- Kačji Potok Location in Slovenia
- Coordinates: 45°34′41.06″N 14°57′57.23″E﻿ / ﻿45.5780722°N 14.9658972°E
- Country: Slovenia
- Traditional region: Lower Carniola
- Statistical region: Southeast Slovenia
- Municipality: Kočevje

Area
- • Total: 3.24 km^{2} (1.25 sq mi)
- Elevation: 526.9 m (1,728.7 ft)

Population (2012)
- • Total: 3

= Kačji Potok =

Kačji Potok (/sl/; Otterbach) is a settlement in the Municipality of Kočevje in southern Slovenia. The area is part of the traditional region of Lower Carniola and is now included in the Southeast Slovenia Statistical Region.

==Geography==
Kačji Potok lies in a valley southeast of Mozelj below the east slope of the Šibje Ridge and Štajdoh (or Štavdoh) Hill (637 m). Hribček Hill (575 m) stands to the northwest, and the losing stream sharing the name of the village, Snake Creek (Kačji potok), lies to the southeast.
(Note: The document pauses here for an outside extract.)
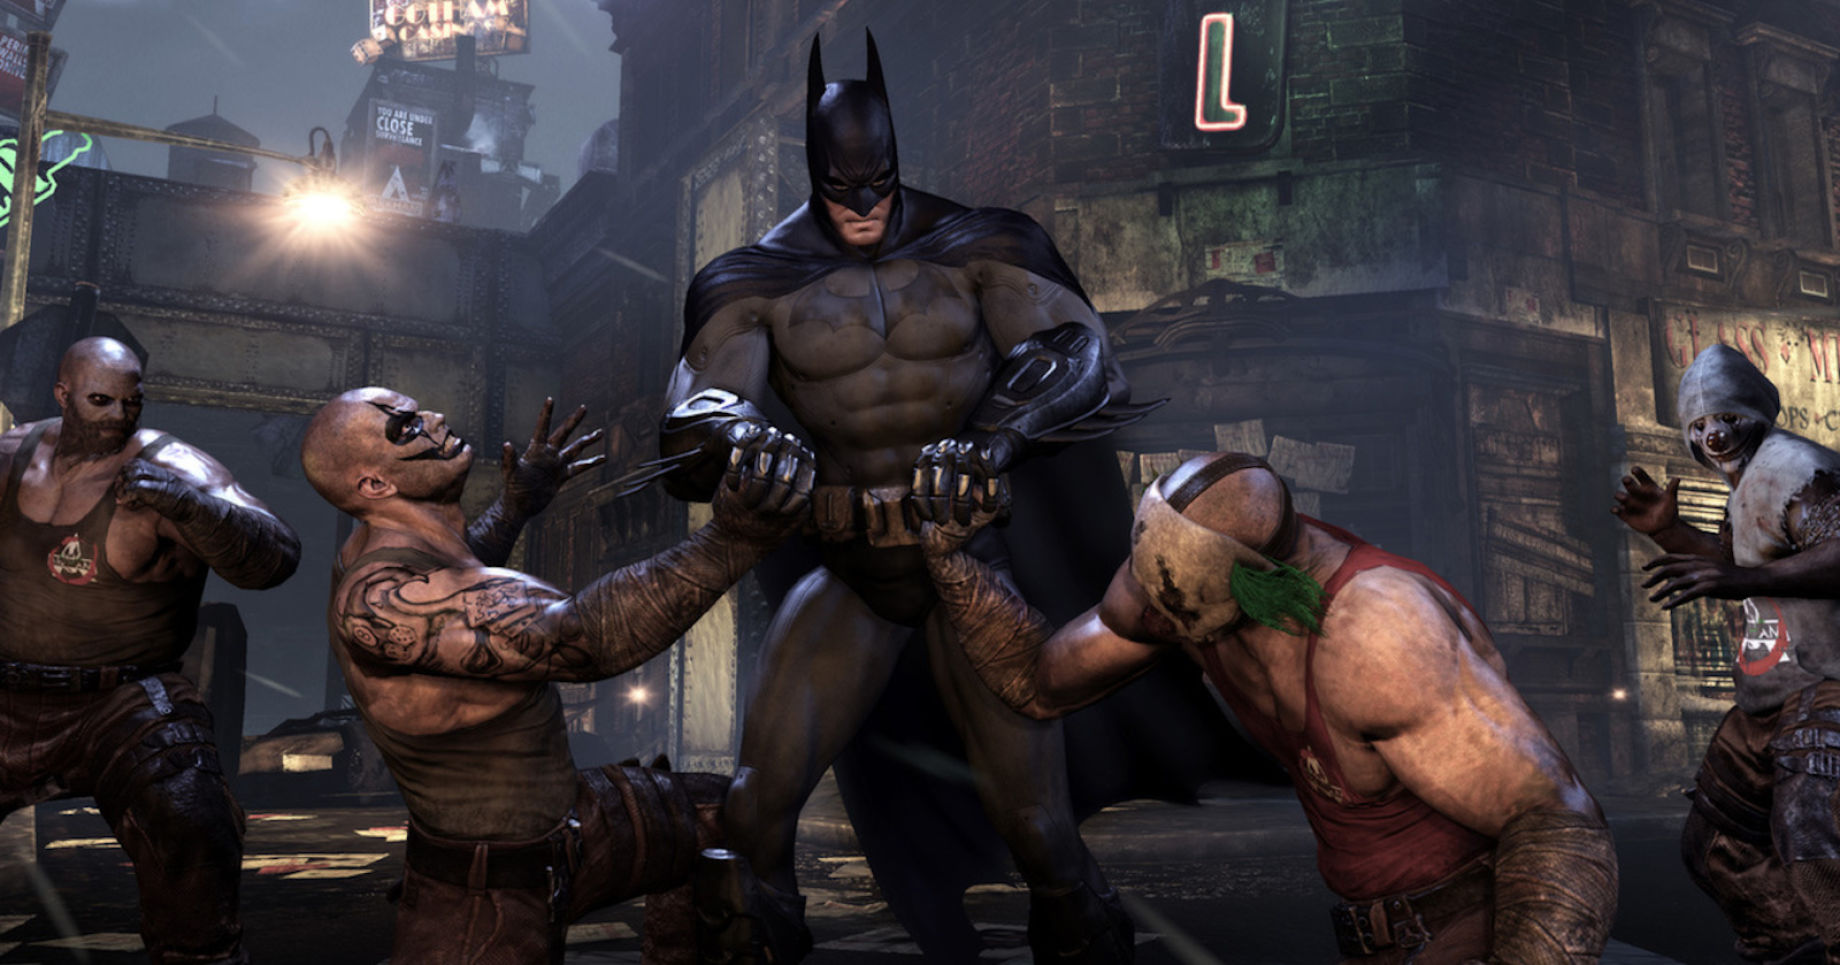 Batman: Arkham Trilogy on Switch gets release date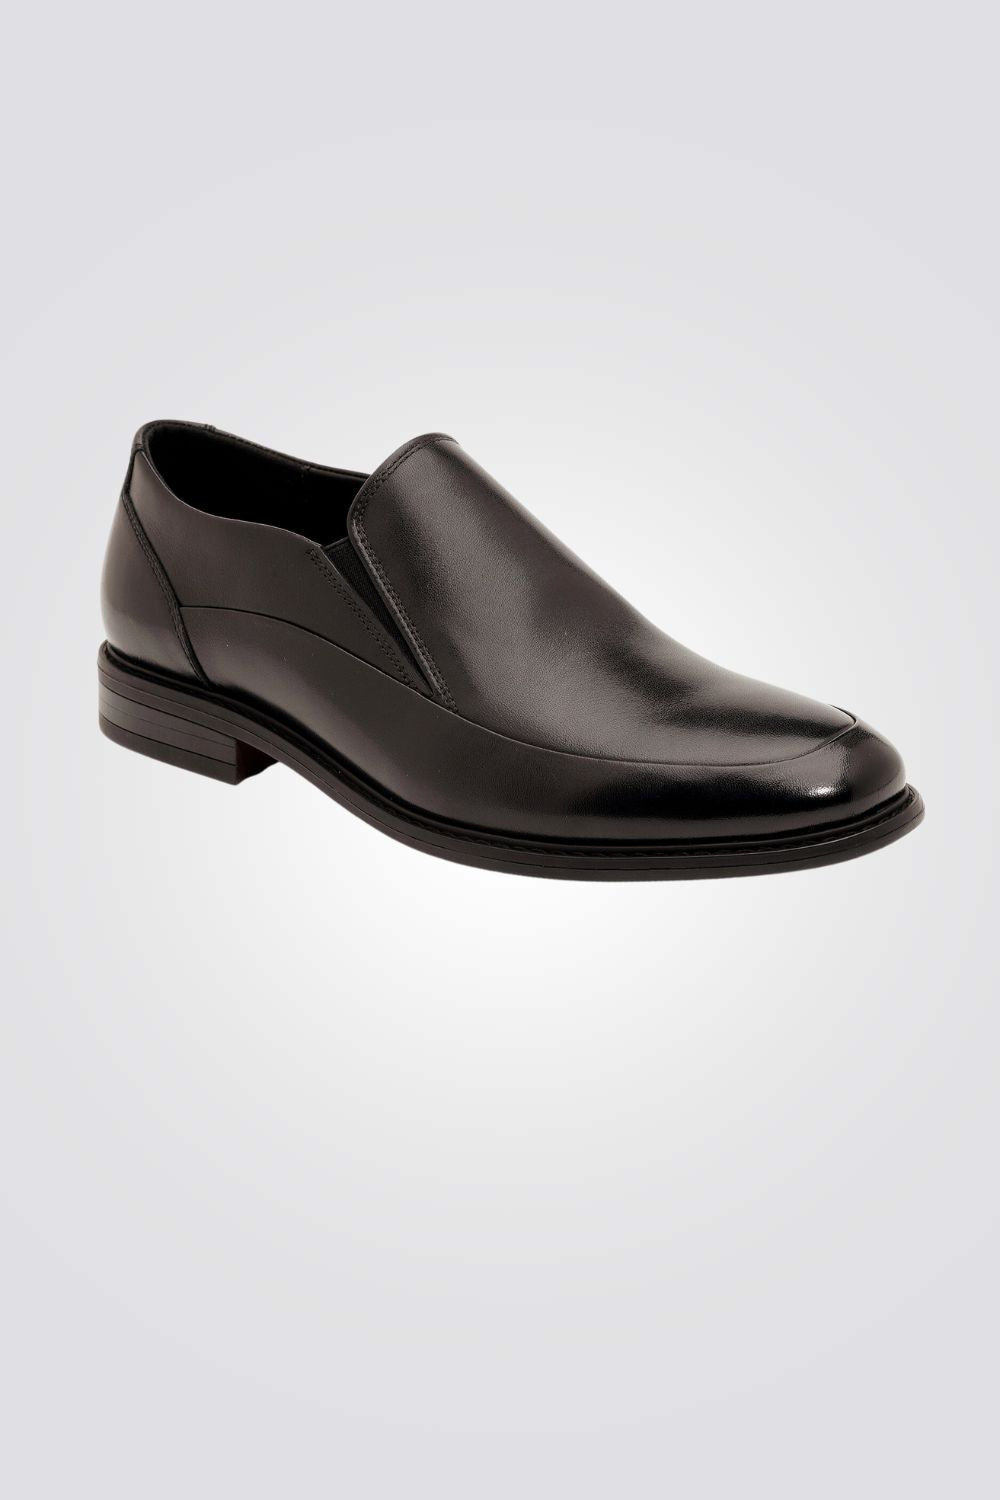 TRAK - נעל עור אלגנט צבע שחור דגם ארז - MASHBIR//365

The village is surrounded by woods where many blueberries grow.

==Name==
The name Kačji Potok means 'snake creek'. The village was attested in historical sources in 1574 as Otterpach (literally, 'otter creek' < German Otter 'otter' + Bach 'creek'), presumably named after otters living there. The Slovenian name Kačji Potok is a later (mis)translation of the German name (cf. German Otter 1. 'otter', 2. 'adder, viper').

==History==
Kačji Potok was historically a Gottschee German village. In the land registry of 1574 the village consisted of 12 half-farms. Before the Second World War, the village had 22 houses. Italian forces burned the village in the summer of 1942, leaving only one house standing. During the war, a nearby abandoned mill was used as a field hospital by the Partisans—a forerunner to a later facility at Staro Brezje. After the war, the remaining house in the village was torn down and the Kočevje Collective Farm (KGP Kočevje) built two barns for cattle at the site.

==Church==
The village church, dedicated to Saint Stephen, was a 15th-century structure and was mentioned in historical sources around 1526. It was refurbished in the 18th and 19th century, but was demolished after the Second World War.